Output the listing word for word, minus pictures.

SOURCE MATERIAL:
_____

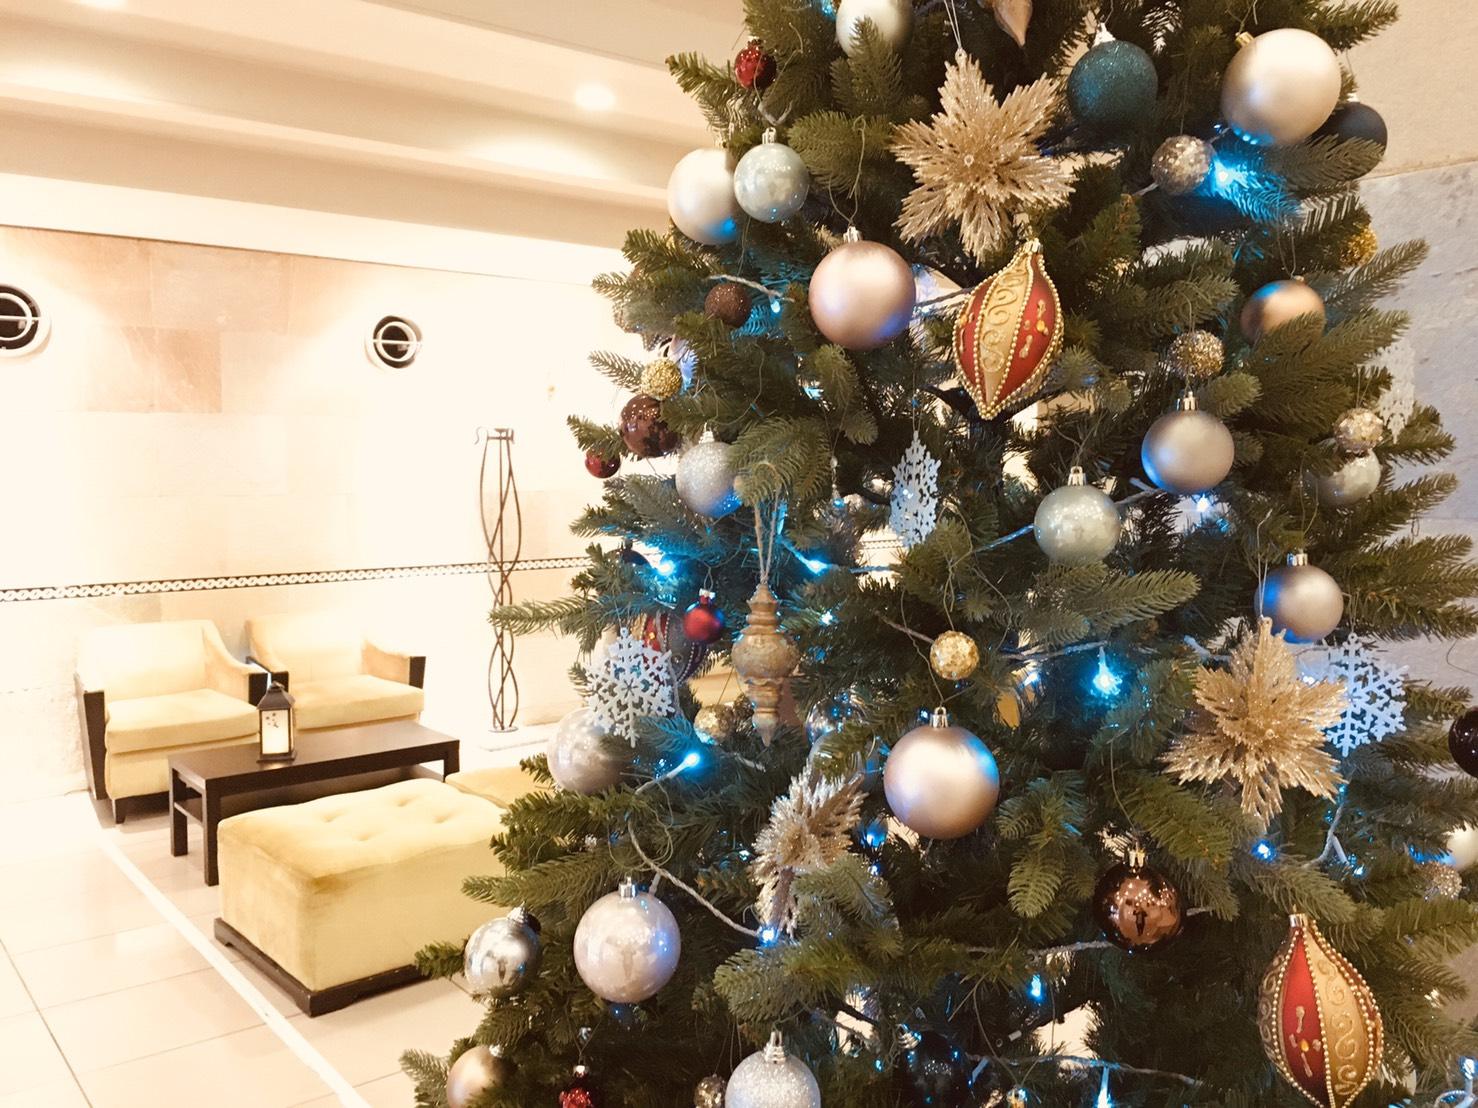 香川県の結婚式場のシェルエメール&アイスタイルのクリスマス
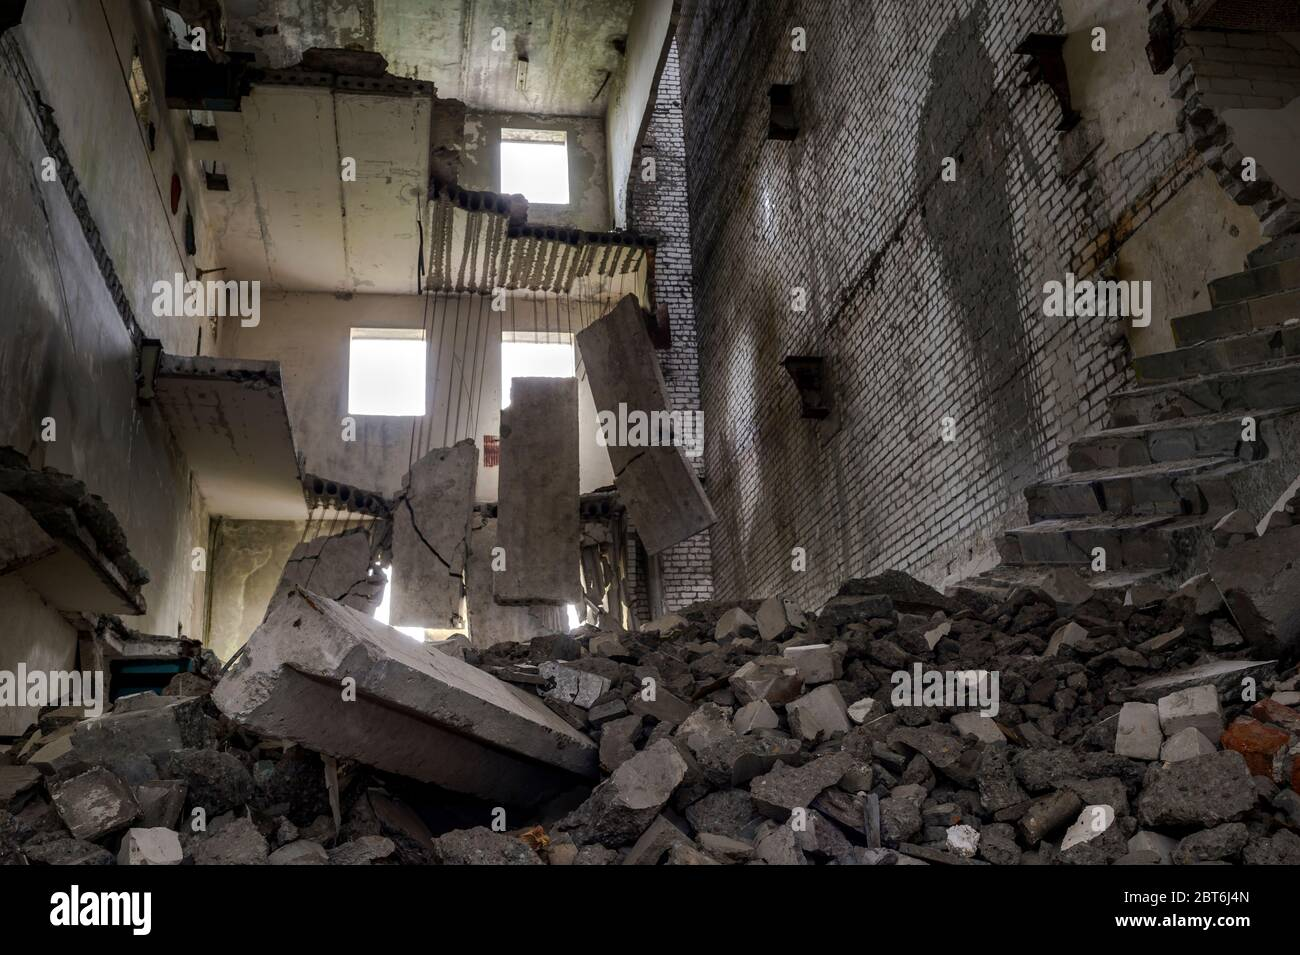 Bâtiment en béton détruit à l'intérieur avec une pile de débris de construction au premier plan et d'énormes dalles de béton suspendues sur l'armature contre le mur arrière Banque D'Images
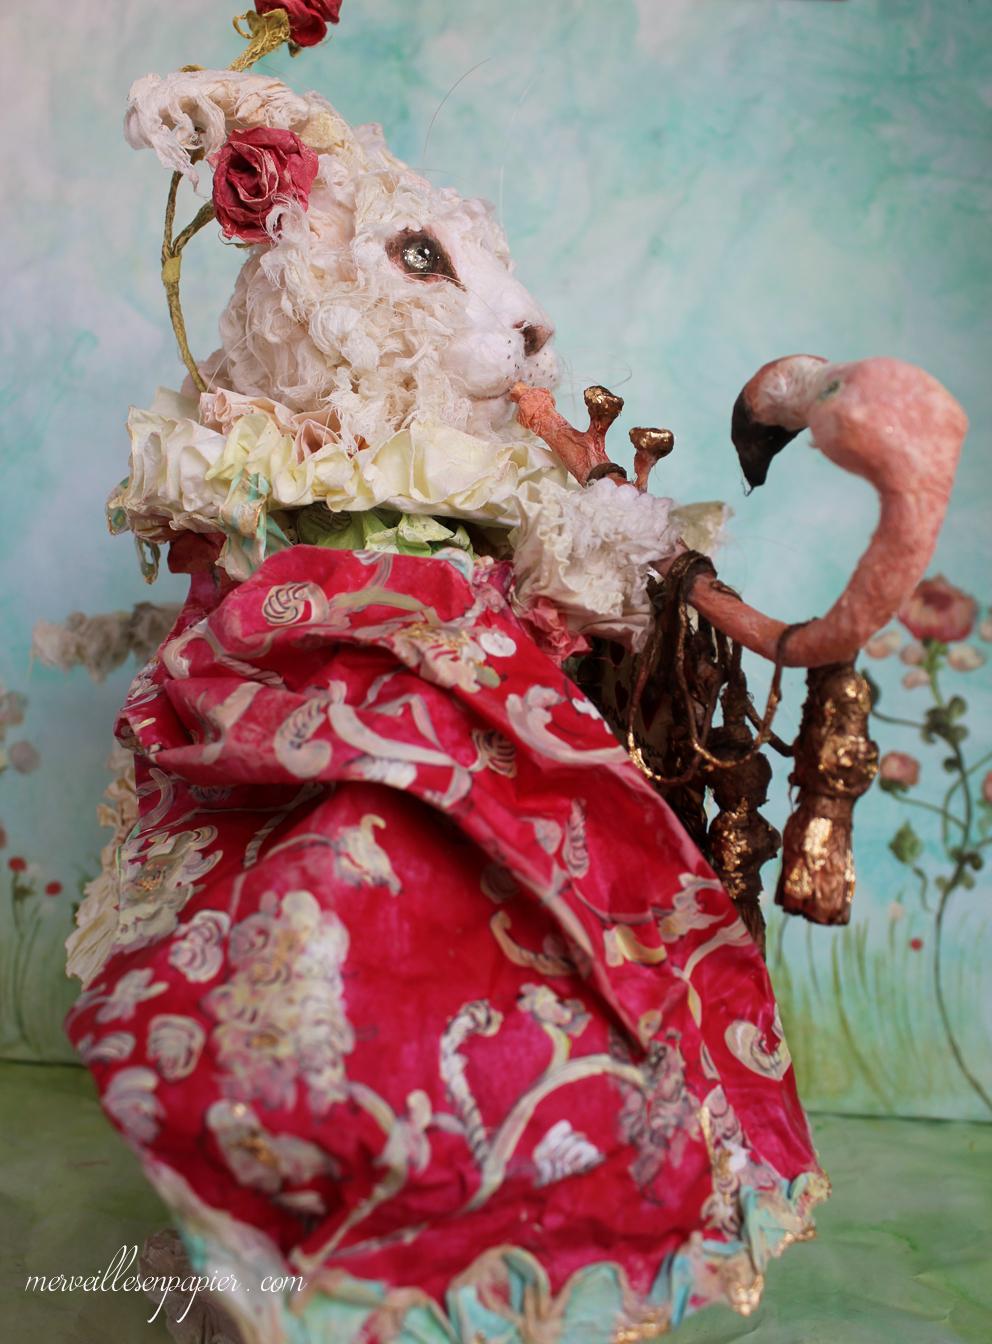 lapin-blanc-alice-au-pays-des-merveilles--1.jpg

_____

REPLY TO THE EXERCISE:
 香川県の結婚式場のシェルエメール&アイスタイルのクリスマス
 Bâtiment en béton détruit à l'intérieur avec une pile de débris de construction au premier plan et d'énormes dalles de béton suspendues sur l'armature contre le mur arrière Banque D'Images
 lapin-blanc-alice-au-pays-des-merveilles--1.jpg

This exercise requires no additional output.